Please submit the question marked * to your tutor.
The following bit of code defines the polynomial $p(x) = ax^2 + bx +c$ and evaluates it at $x=2$
a,b,c=1,3,2
p = lambda x: a*x**2+b*x+c
x = 2
print('The polynomial evaluated at x=2 is',p(x))
The polynomial evaluated at x=2 is 12
Complete the following to write a function to return the roots of a quadratic polynomial given coefficients a,b,c.
import numpy as np
def quad_roots(a,b,c):
#fill in
# xp = ...
# xm = ...
return xp, xm
Try your code with $a = 10^{-3}$, $b=10^{6}$ and $c=10^{-3}$.

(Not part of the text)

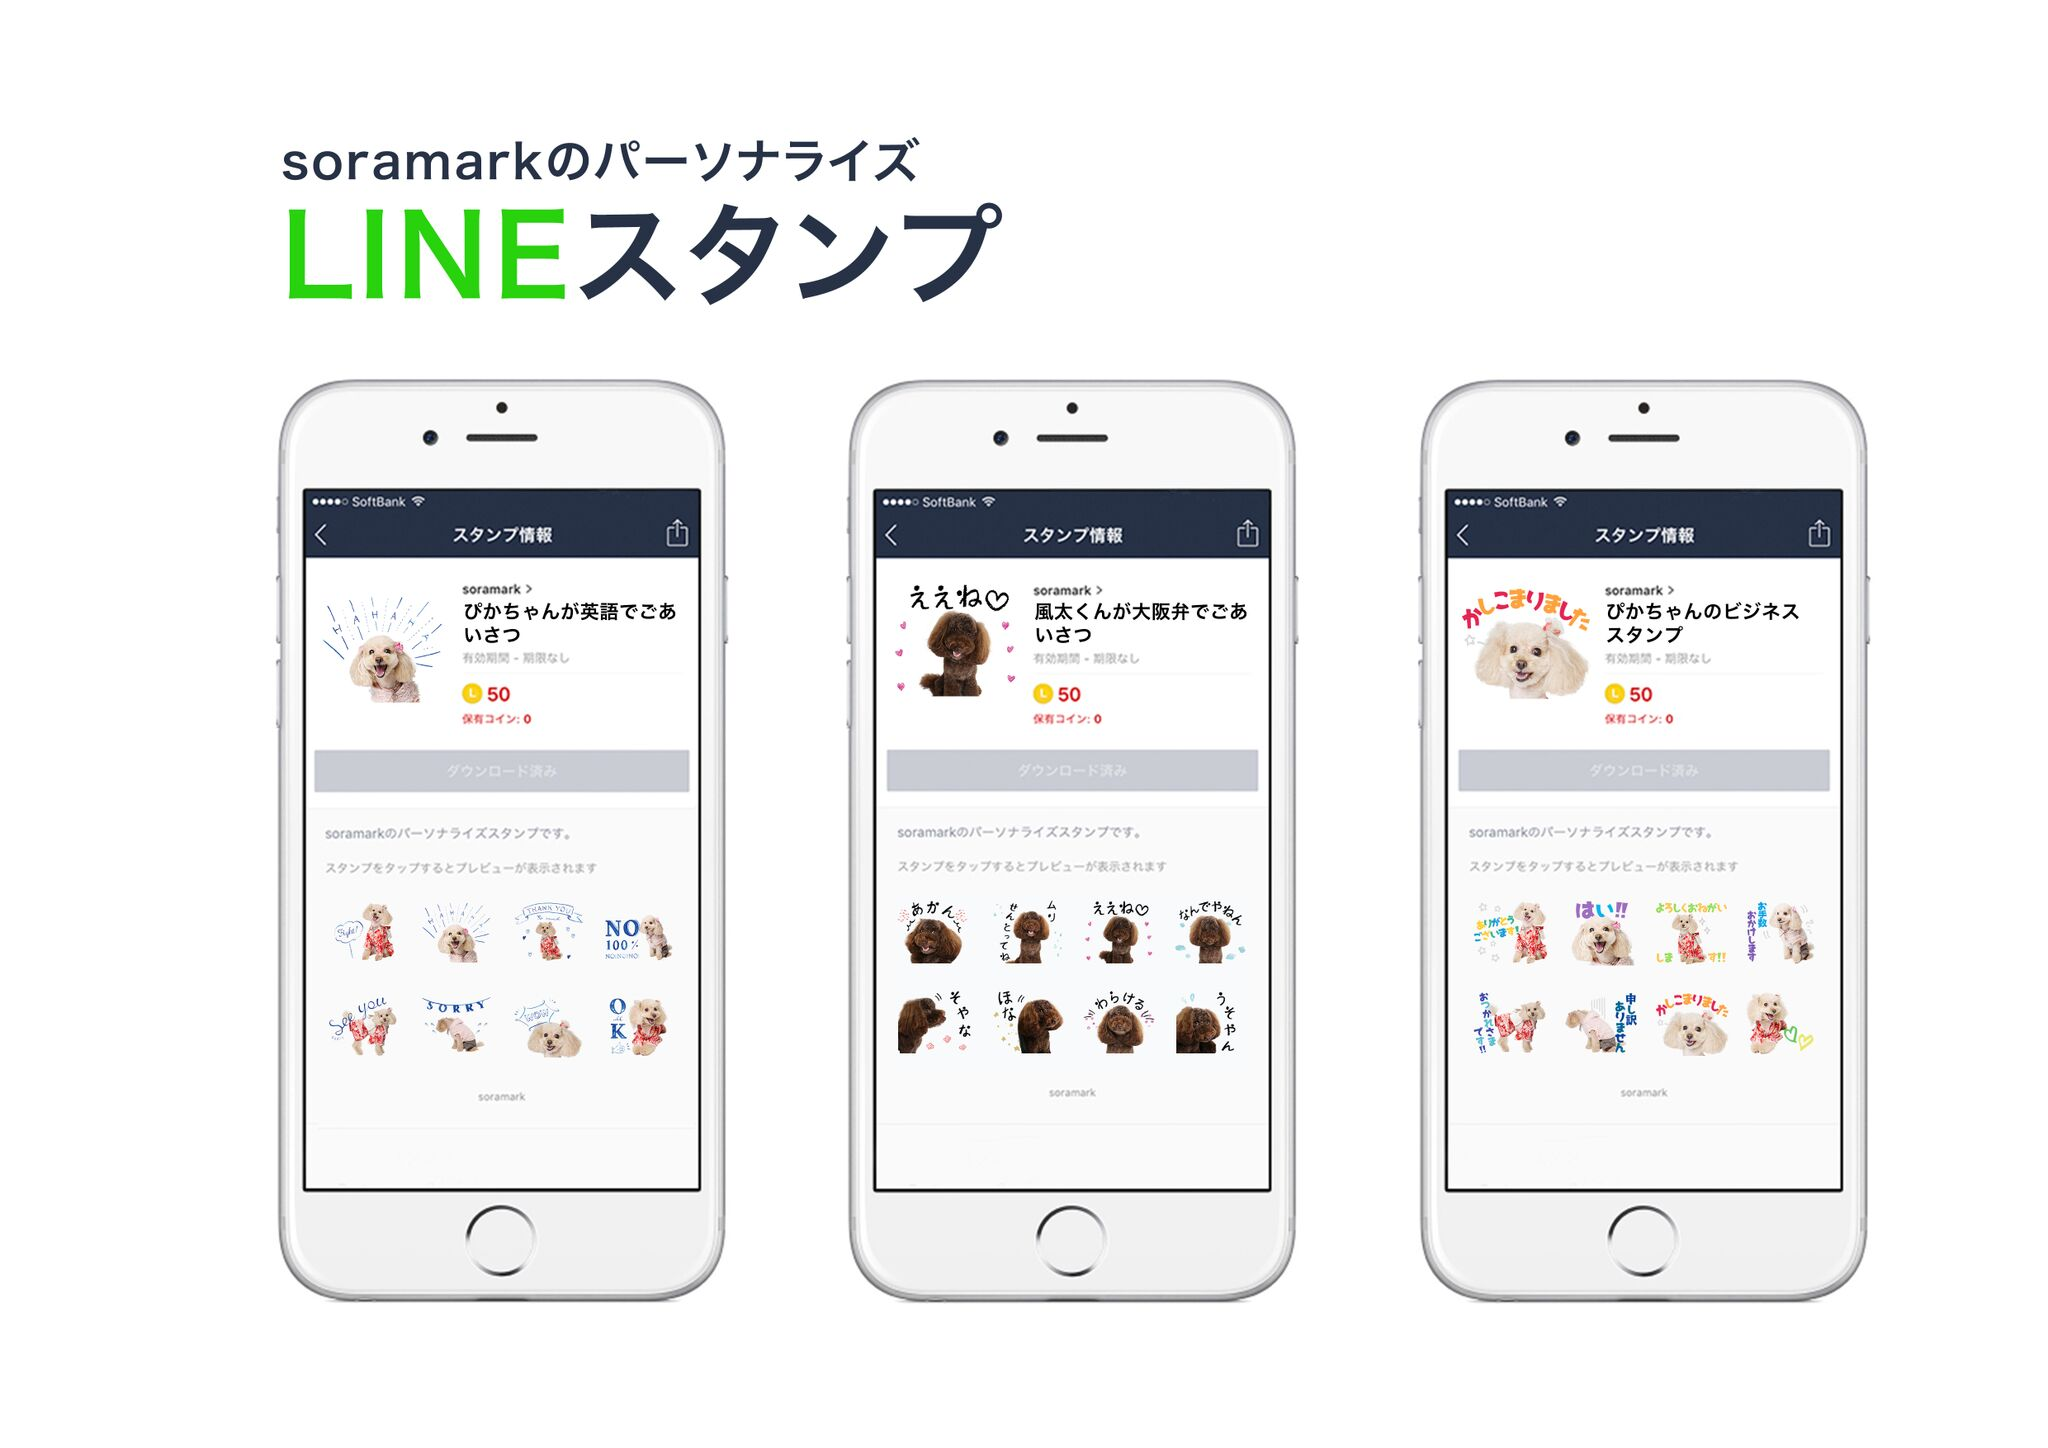 2018/02/03~02/04 Soramark LINEスタンプオーダー会

Does your function suffer from cancellation errors? If so, modify your function to avoid this.
By using the Taylor expansion for $\sqrt{1-x}$, work out what the actual roots are to 16 significant figures.
Note: Evaluate your polynomial at the computed roots, the value should be close to 0 (although not exactly 0 due to machine precision).
Hint: Which root would suffer from cancellation errors? If you know one root to high accuracy, can you work out the other?
a,b,c = 1e-3,1e6,1e-3
# test out your function!
Run the following command. It defines the Hilbert matrix which has $(i,j)$ entry as $1/(i+j-1)$ for $i,j=1,\ldots, d$.
from scipy.linalg import hilbert
d=3
A = hilbert(d)
print(A)
[[1. 0.5 0.33333333] [0.5 0.33333333 0.25 ] [0.33333333 0.25 0.2 ]]
Let $b\in \mathbb{R}^d$ have random entries defined as follows.
b = np.random.randn(d,)
We can solve the linear system $Ax = b$ and compute the residue $r = Ax - b$ as follow:
x = np.linalg.solve(A,b)
r = A@x - b
print('Should be small:', np.linalg.norm(r))
Should be small: 1.8251269632034268e-15
In the above, the norm computes $\|r\|:= \sqrt{r^\top r}$
Repeat the above for $d=10$ and $d=20$, what do you observe?